Reyn was stewing. There was no other word for his deportment as he scowled and growled across the table during Ginny’s elaborately correct meal. Once he’d crossed Merrywood’s threshold, he’d been elaborately correct himself, giving no indication that he was acquainted with Maris beyond their recent civilities. Certainly giving no indication that she knew his sad, dark secret.

But as the conversation continued amongst the women, his silence was a living thing, and the occasional grunts breaking it did nothing to make Maris more comfortable. He’d made no effort to exert his usual boyish charm, staring at his slab of roast beef as if it might rise up and bite him. Any questions Maris had posed to him about his hopes for his stud farm were met with brief syllables. Ginny was becoming increasingly embarrassed by her brother’s rudeness, and it was with relief that the ladies withdrew to the cheerful front parlor.

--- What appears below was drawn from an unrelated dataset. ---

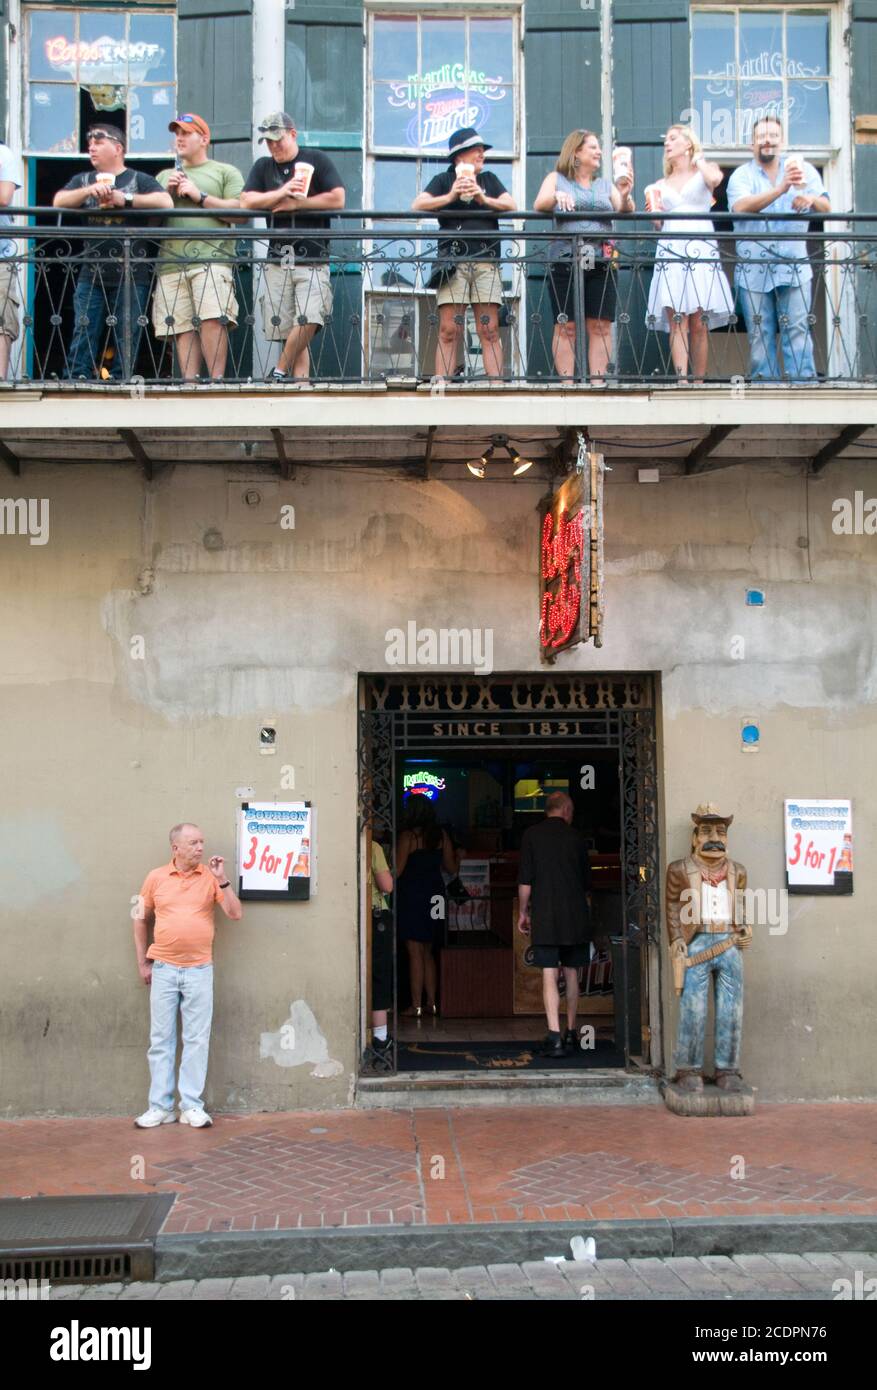 Les clients buvant sur le balcon au-dessus de l'entrée d'un bar dans le quartier français de la Nouvelle-Orléans, Louisiane, États-Unis Banque D'Images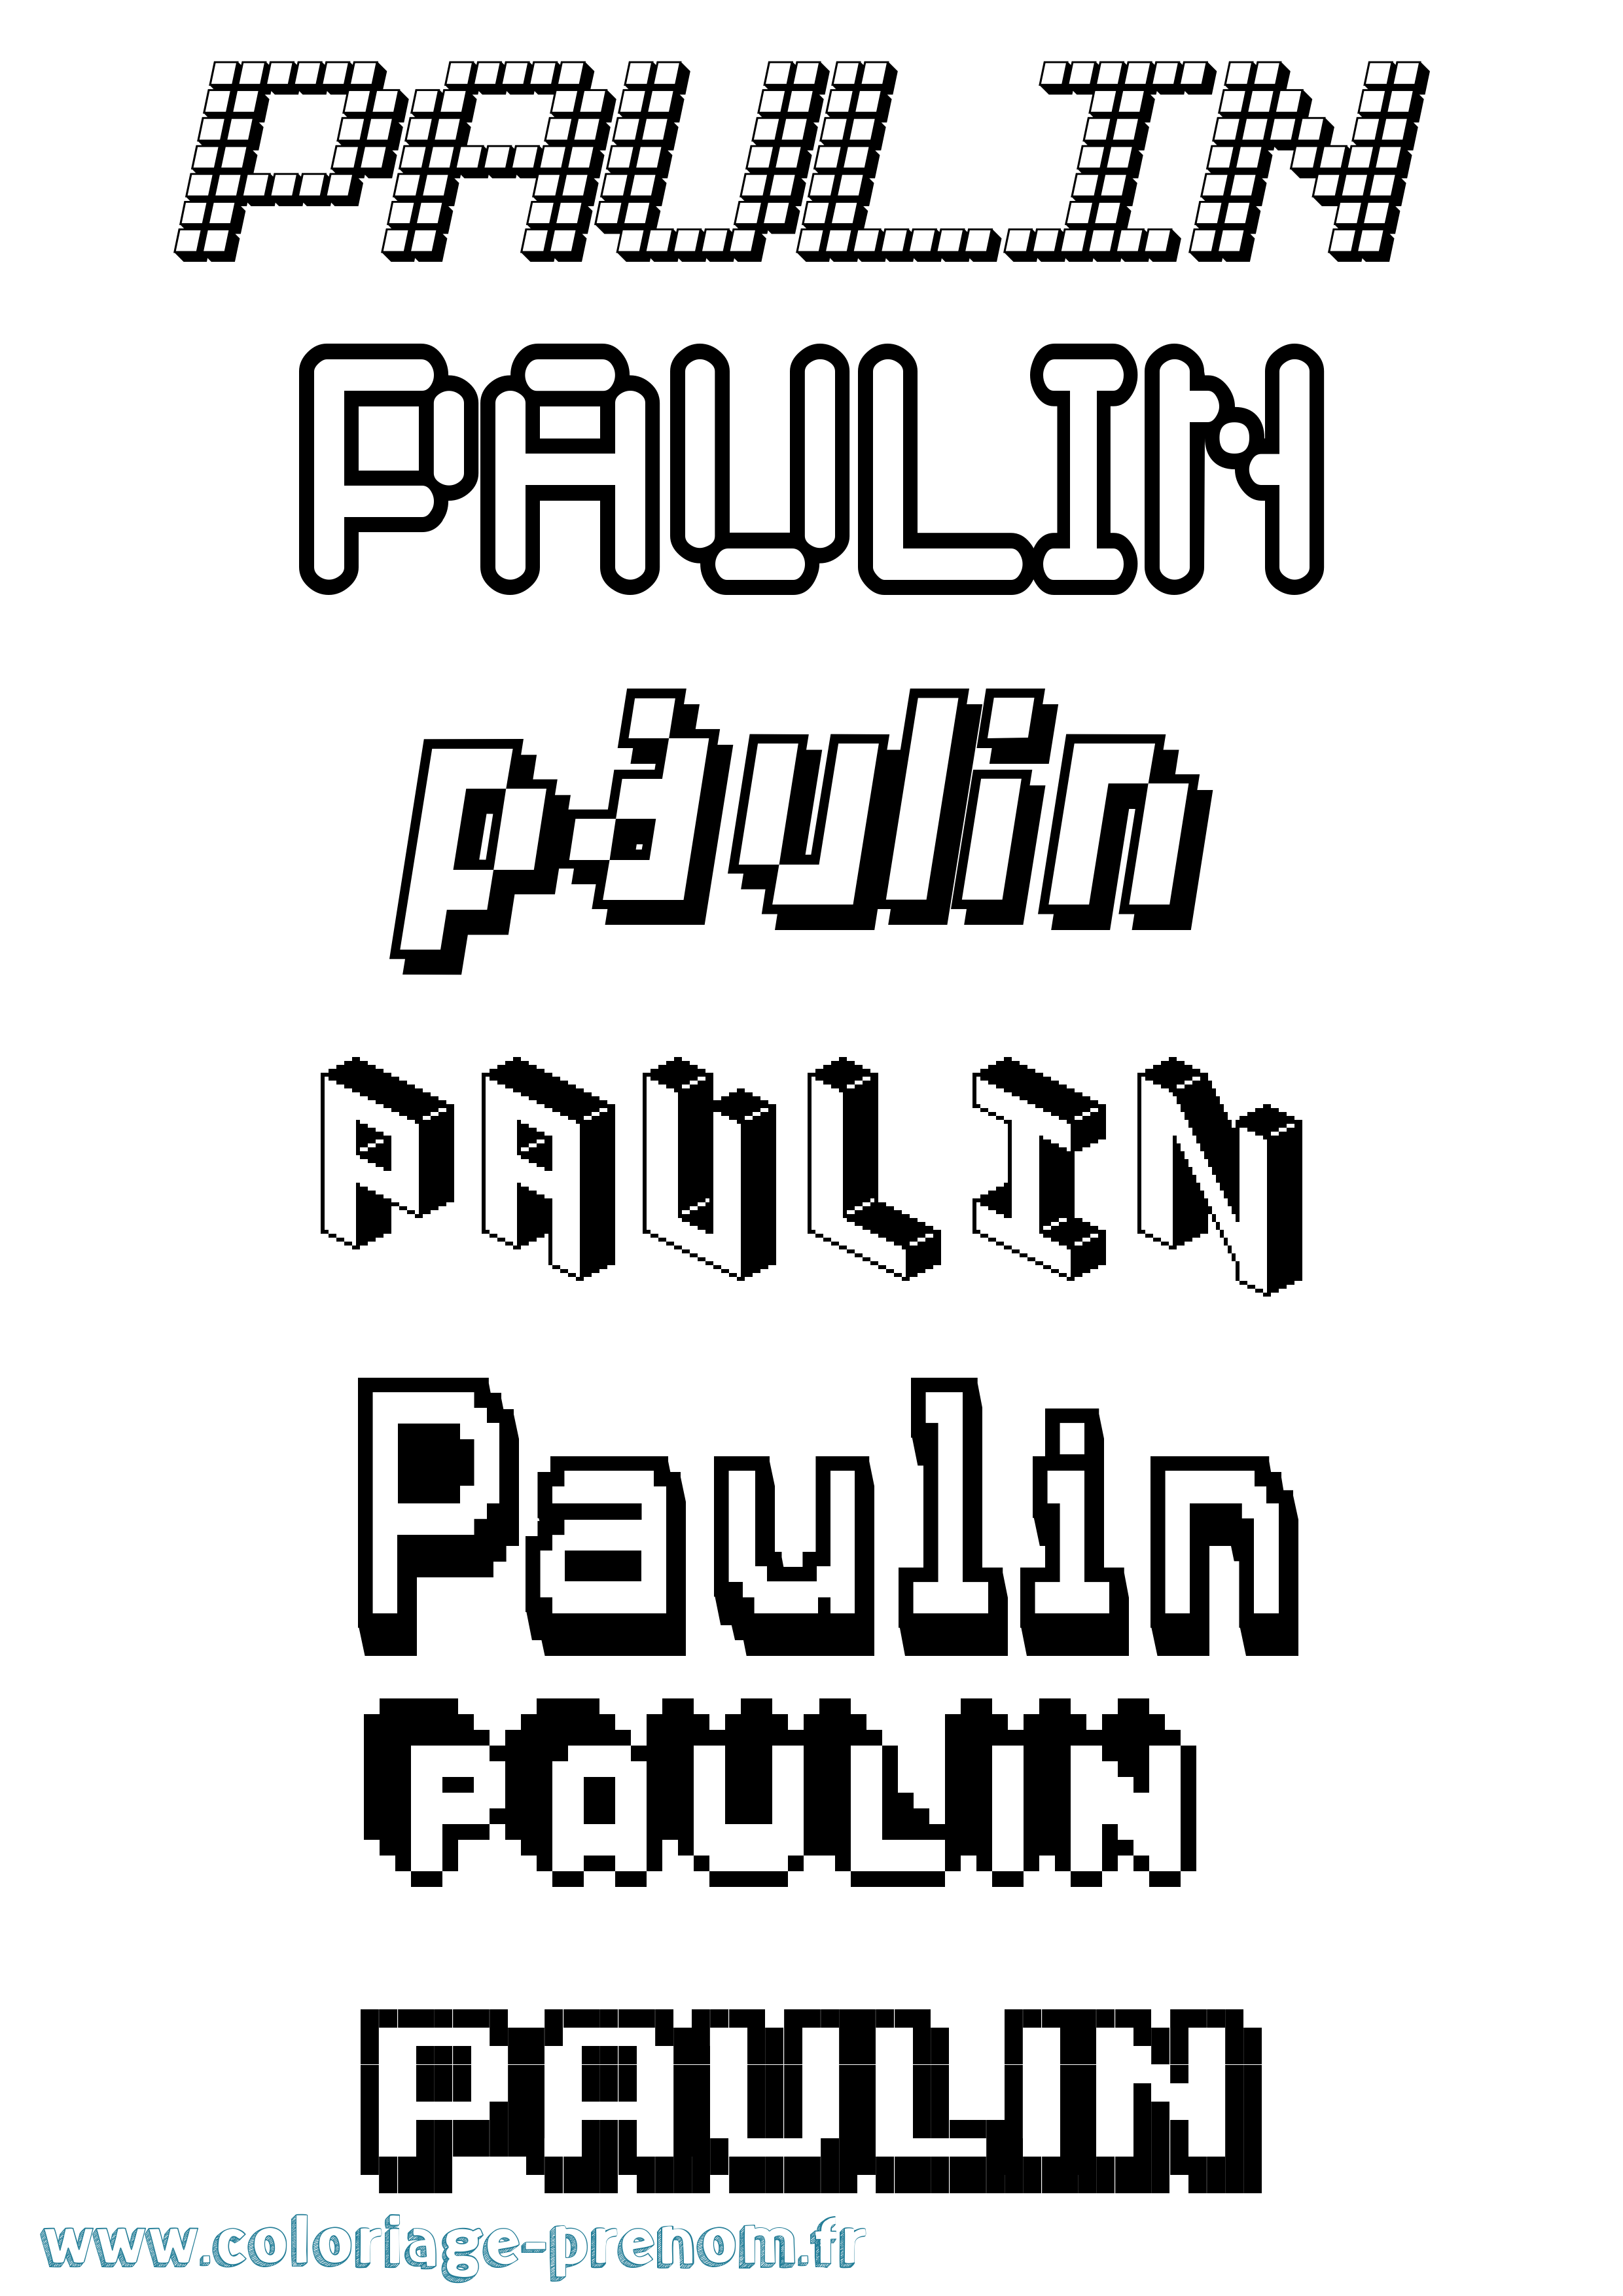 Coloriage prénom Paulin Pixel

Poor Ginny. Her beau had been unable to come to dinner due to a parish emergency, and her brother was being a boor. She put on a smile and passed Maris a cup of India tea from a gleaming but dented silver tea service.

Maris accepted her cup of tea, wishing the tea leaves would tell her where she’d gone wrong with Reyn. She had shown no horror or disgust when he’d confessed his shortcomings, had truly not even thought what his problem might mean for their child. Now that he’d put the idea into her head, however, it tumbled around with ominous insistence. Could such a trait be passed on, like the family nose or a tendency to baldness?